The U.S. government's much-discussed but little-understood effort to combat terrorism financing faces both challenges and opportunities. Terrorist groups continue to evolve, proactively working to evade existing sanctions and minimize the impact of future ones. Meanwhile, interagency efforts are being called upon to meet some of the most pressing national security threats through targeted financial measures.
Little Understood
Both the process of implementing financing measures against terrorism and the interagency partners involved are frequently misunderstood. Although Treasury Department designations are public actions, they constitute only one in a comprehensive set of tools drawing on the expertise of various U.S. government agencies and their private- and public-sector partners around the world.
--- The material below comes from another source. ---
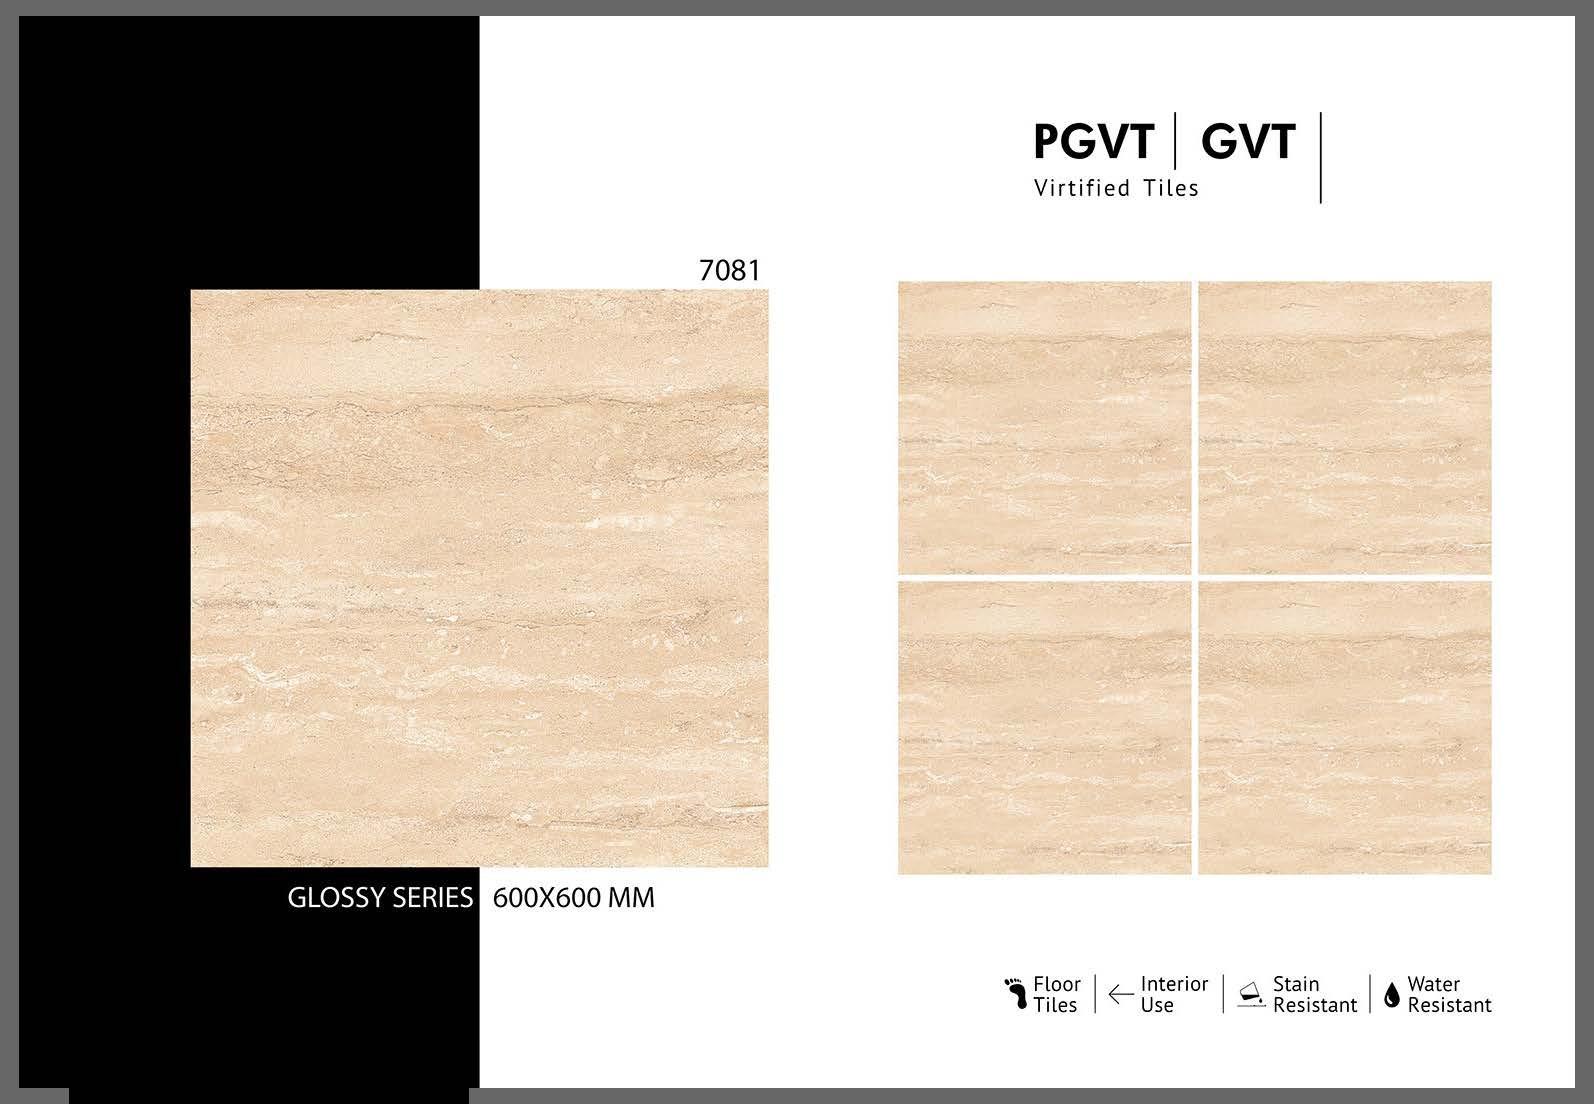 GVT 2X2 GLOSSY_Page_68.jpg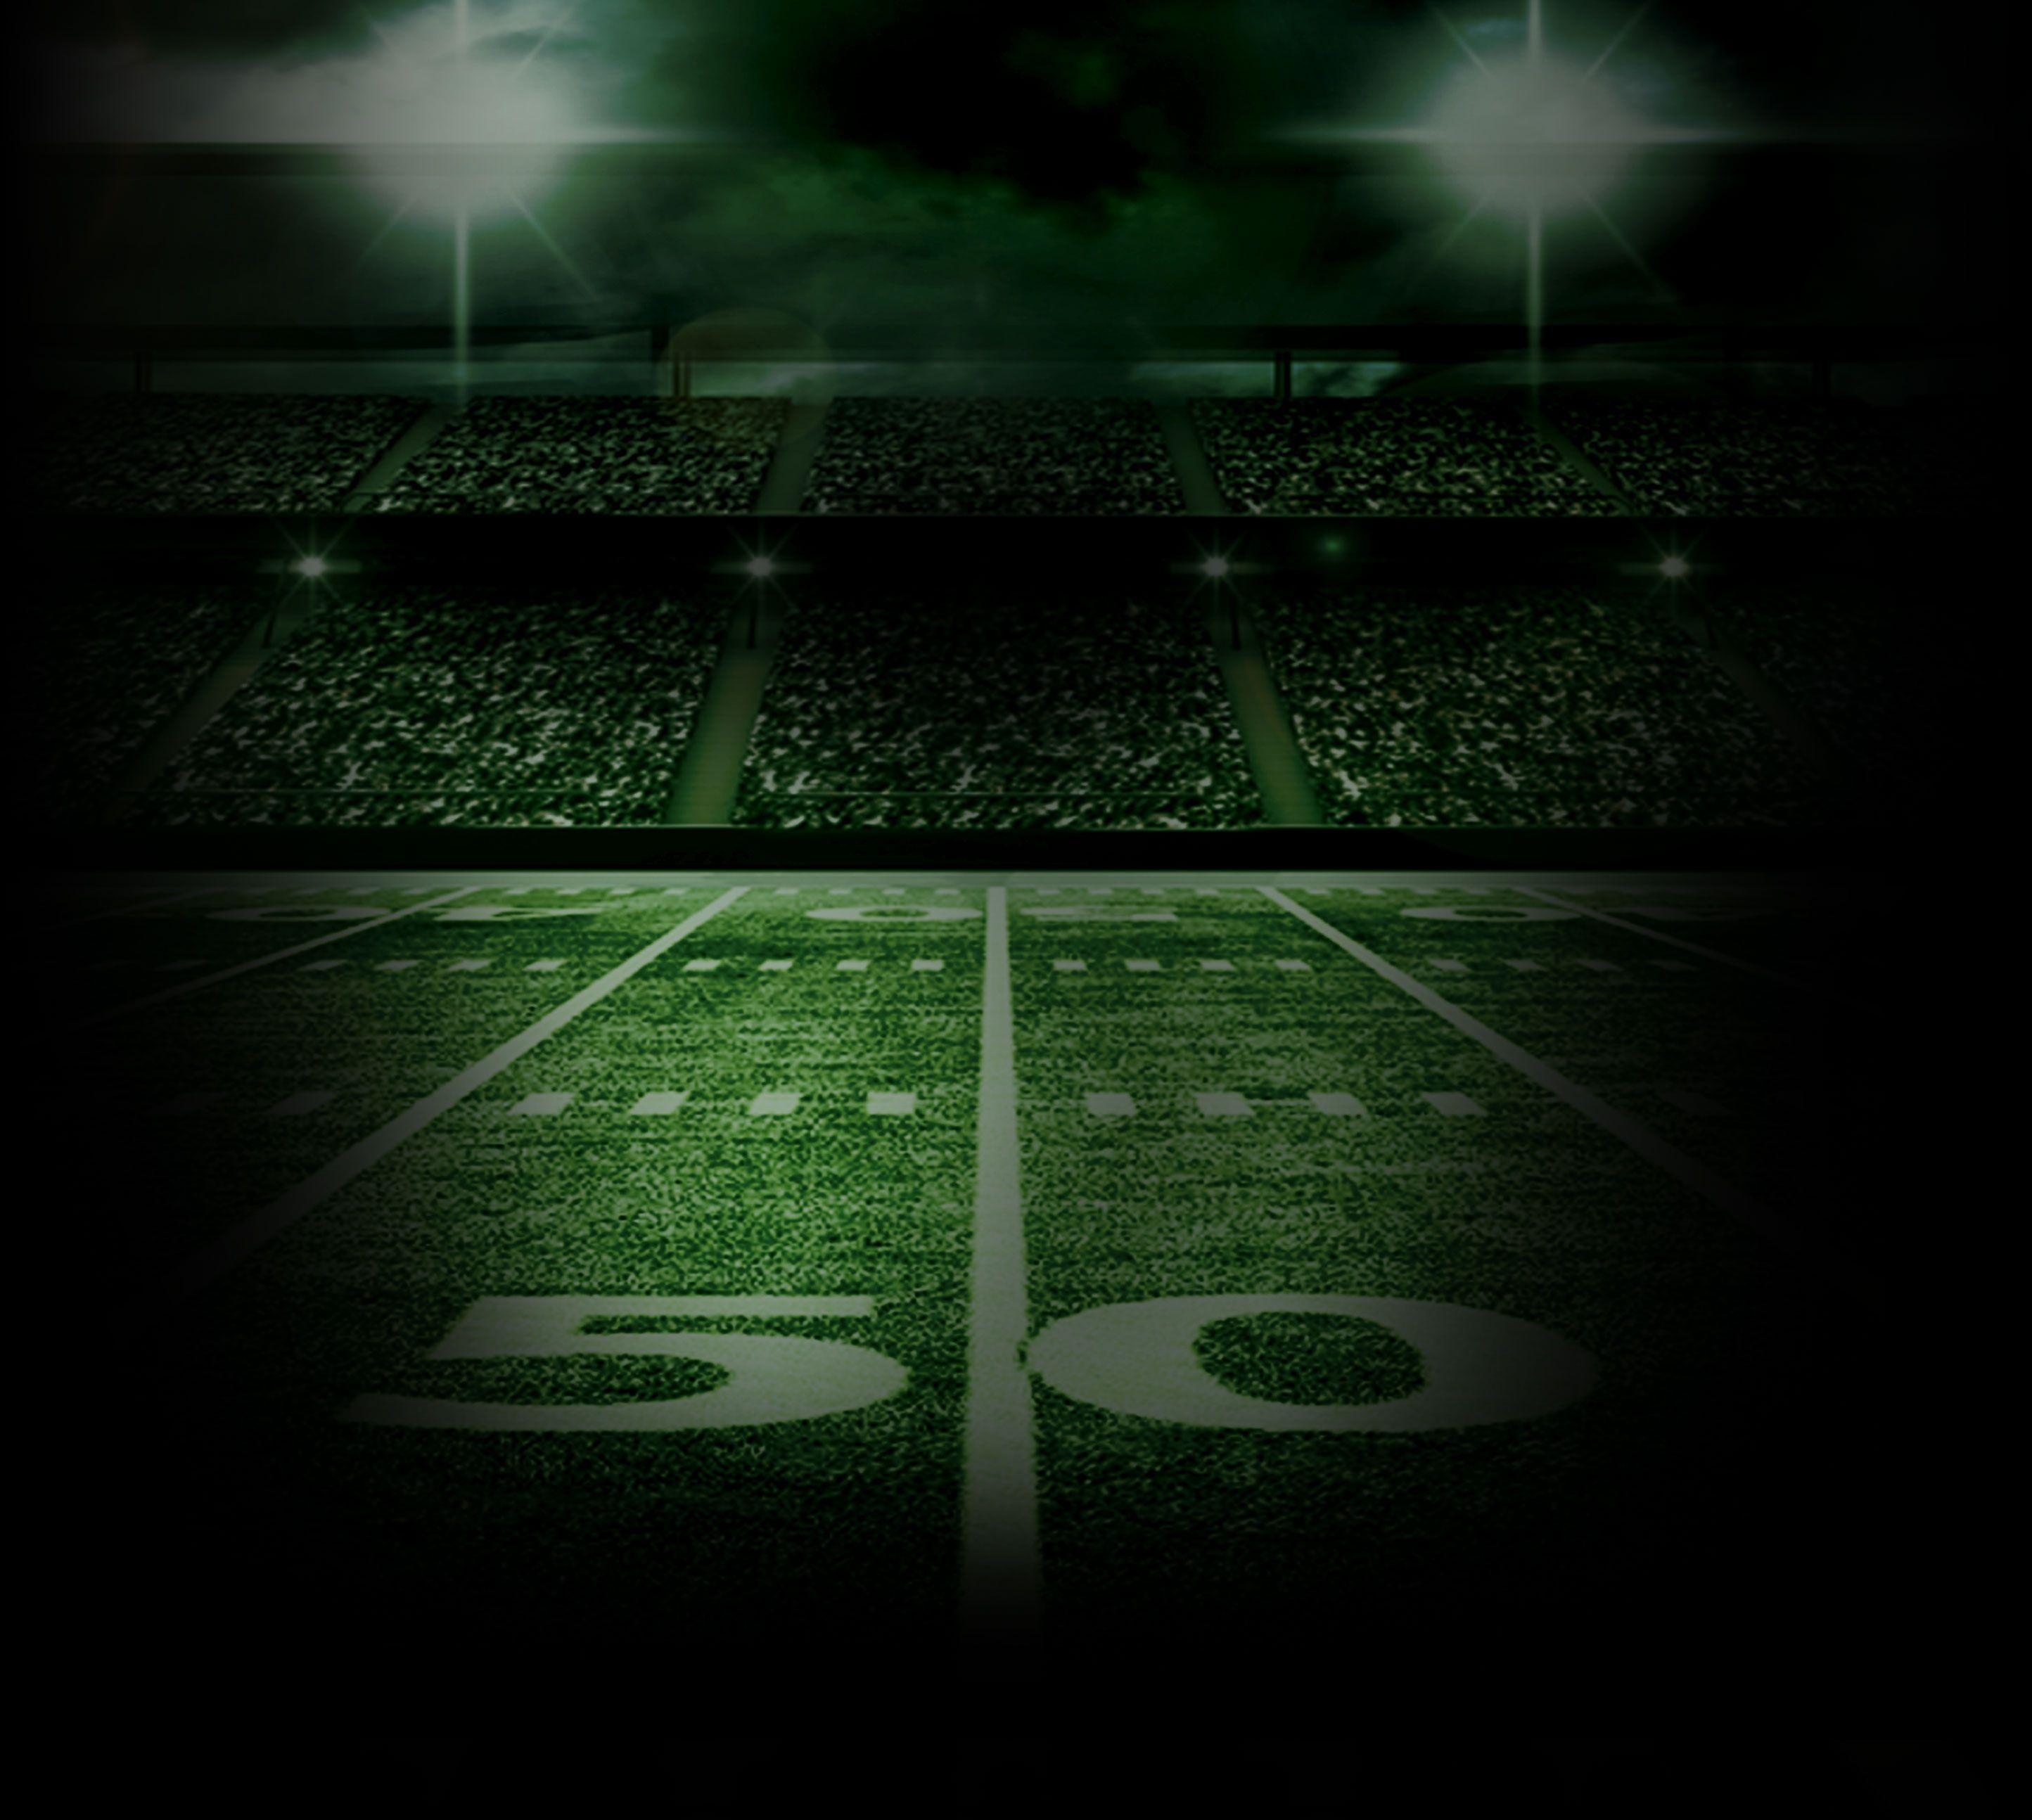 Background Dark Football Stadium

Pundits and the press alike show insufficient appreciation for the extent to which public designations are related to other equally productive ways of combating terrorism financing, such as diplomacy, law enforcement, covert activity, and intelligence collection. Treasury designations are often mistaken for the sum total of U.S. government efforts to combat terror financing when, in fact, they are only the most visible.
Challenges
Technological challenges to countering such financing abound, such as the development of internet-based money services businesses like Cash-U and E-Gold. Fortunately, these challenges can be addressed through technological fixes and regulation. The single most pressing challenge facing interagency efforts then becomes the need to streamline the decisionmaking and designation processes. Although we face an agile adversary with the ability to change tactics quickly, our bureaucracy is inherently slow to change. Preparing the robust evidentiaries underlying each designation takes time, and interagency reviews take still longer. While protecting sensitive sources and methods is imperative, this goal must be balanced with the need to make each designation's case as thorough and aggressive as possible. Such declassification is integral to the battle of ideas in the war on terror.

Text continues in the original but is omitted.